Grant of Restricted Stock


As previously announced by the Company, Martin H. Resch was appointed as the Company's Chief Executive Officer effective April 18, 2023 as part of the Company's succession planning. On April 20, 2023, the Board, upon the recommendation of the Compensation Committee, granted Mr. Resch 5,318 shares of restricted stock under the 2023 Omnibus Plan in connection with his transition to Chief Executive Officer. Mr. Resch's restricted stock grant was made in accordance with the terms of the Company's long-term incentive compensation program for executive officers and is in addition to the compensation package previously approved for Mr. Resch as described in the Company's Current Report on Form 8-K filed with the SEC on February 22, 2023. 


The terms of the restricted stock are as set forth in the relevant portions of the Company's form of Restricted Stock Agreement (the "Award Agreement"). Of the total shares awarded, 2,127 are time-based restricted stock that will cliff vest three years from the date of grant and 3,191 are performance-based restricted stock that will vest three years from the date of grant with amounts earned, if any, based on the Company's achievement of earnings per share and return on equity performance targets for the prospective three-year performance period. The ultimate number of performance-based shares earned will range from 0% to 150% of the target award based on the Company's achievement of these performance goals, with no performance-based awards being earned if threshold performance targets are not met. Vesting is accelerated, in certain circumstances, upon termination of employment in the event of death, disability or following a change of control, subject to the terms set forth in the Award Agreement. Time-based restricted stock carries voting and dividend rights from the date of grant; holders of performance-based restricted stock are entitled to voting and dividend rights only upon satisfaction of applicable performance criteria and vesting of the shares. In both cases, the payment of any dividends is deferred until the shares to which such dividends are attributable vest. 


In the event that the Company materially restates its financial statements, the restricted stock shall be subject to rescission, revocation, adjustment, modification or otherwise in accordance with the Company's governing Clawback 


2


Policy, as it may be amended from time to time in compliance with the rules and regulations of the SEC and the Nasdaq Stock Market. 

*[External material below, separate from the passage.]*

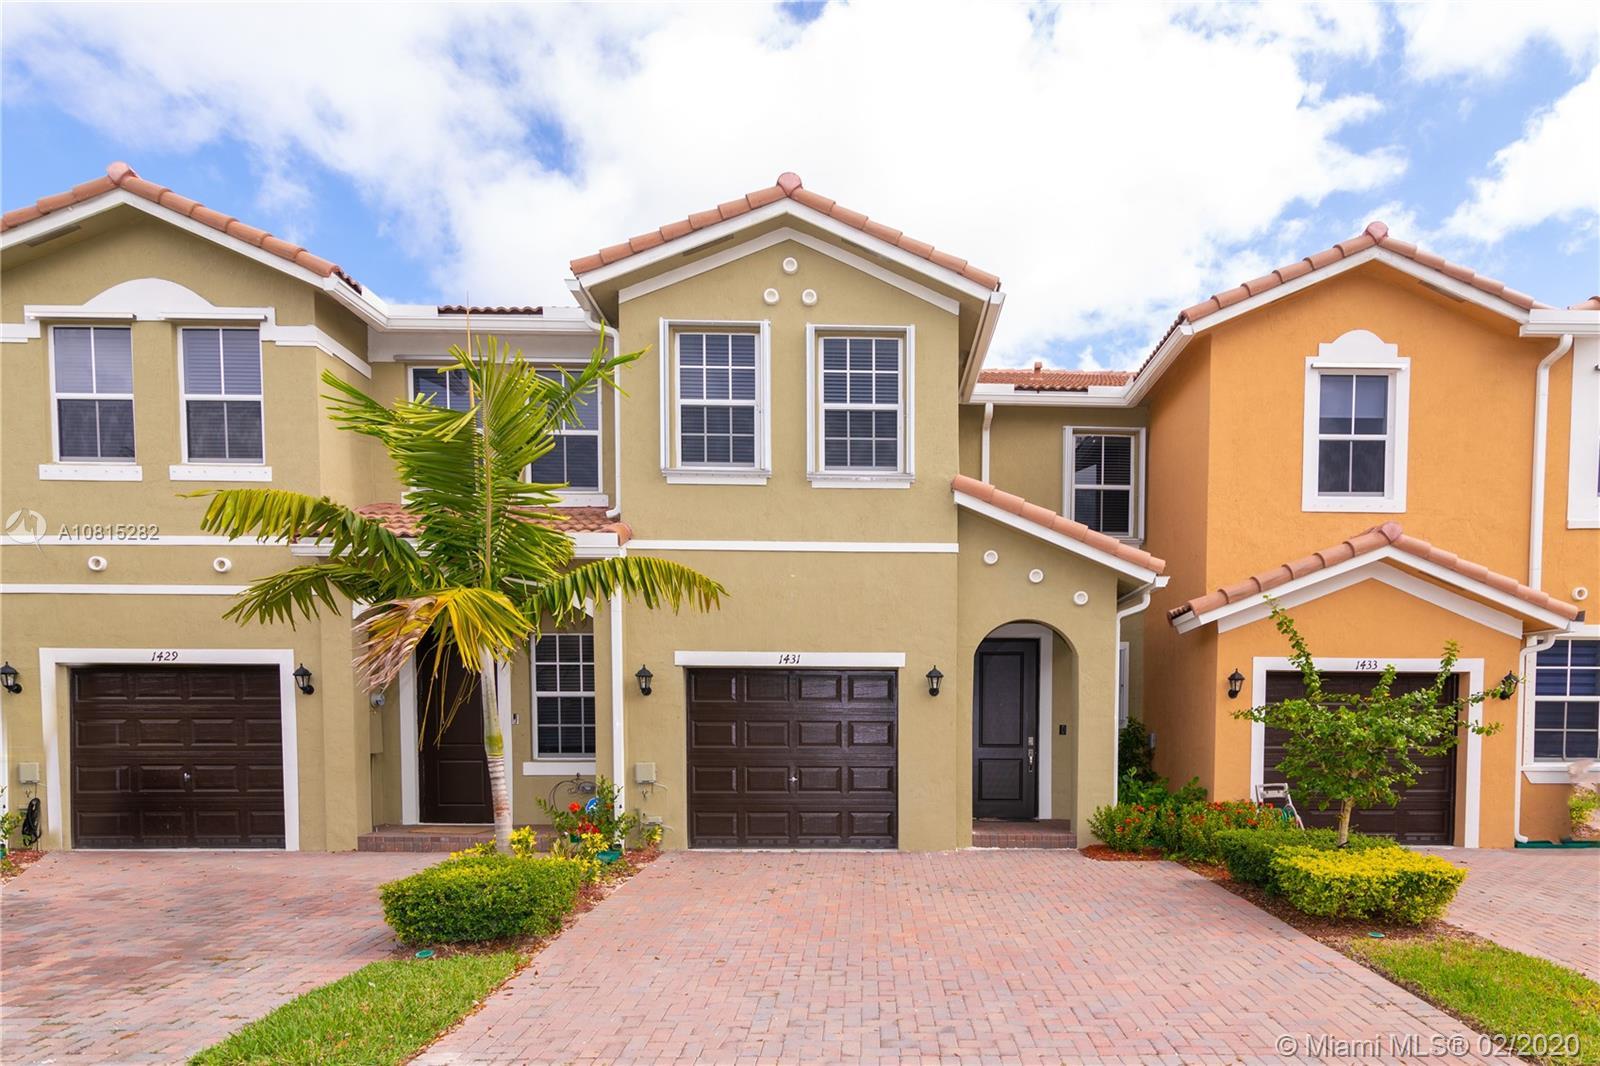 1431 SE 26th Ave #1431, Homestead, FL 33035 - Homestead, FL real estate listing

The summary of the terms of the restricted stock is qualified in its entirety by reference to the terms set forth in the form of the Award Agreement, a copy of which is filed as Exhibit 10.2 to this Current Report on Form 8-K and incorporated herein by reference. Further information about the Company's long-term incentive compensation program is discussed in the Company's most recent definitive proxy statement on Schedule 14A, filed with the SEC on March 8, 2023.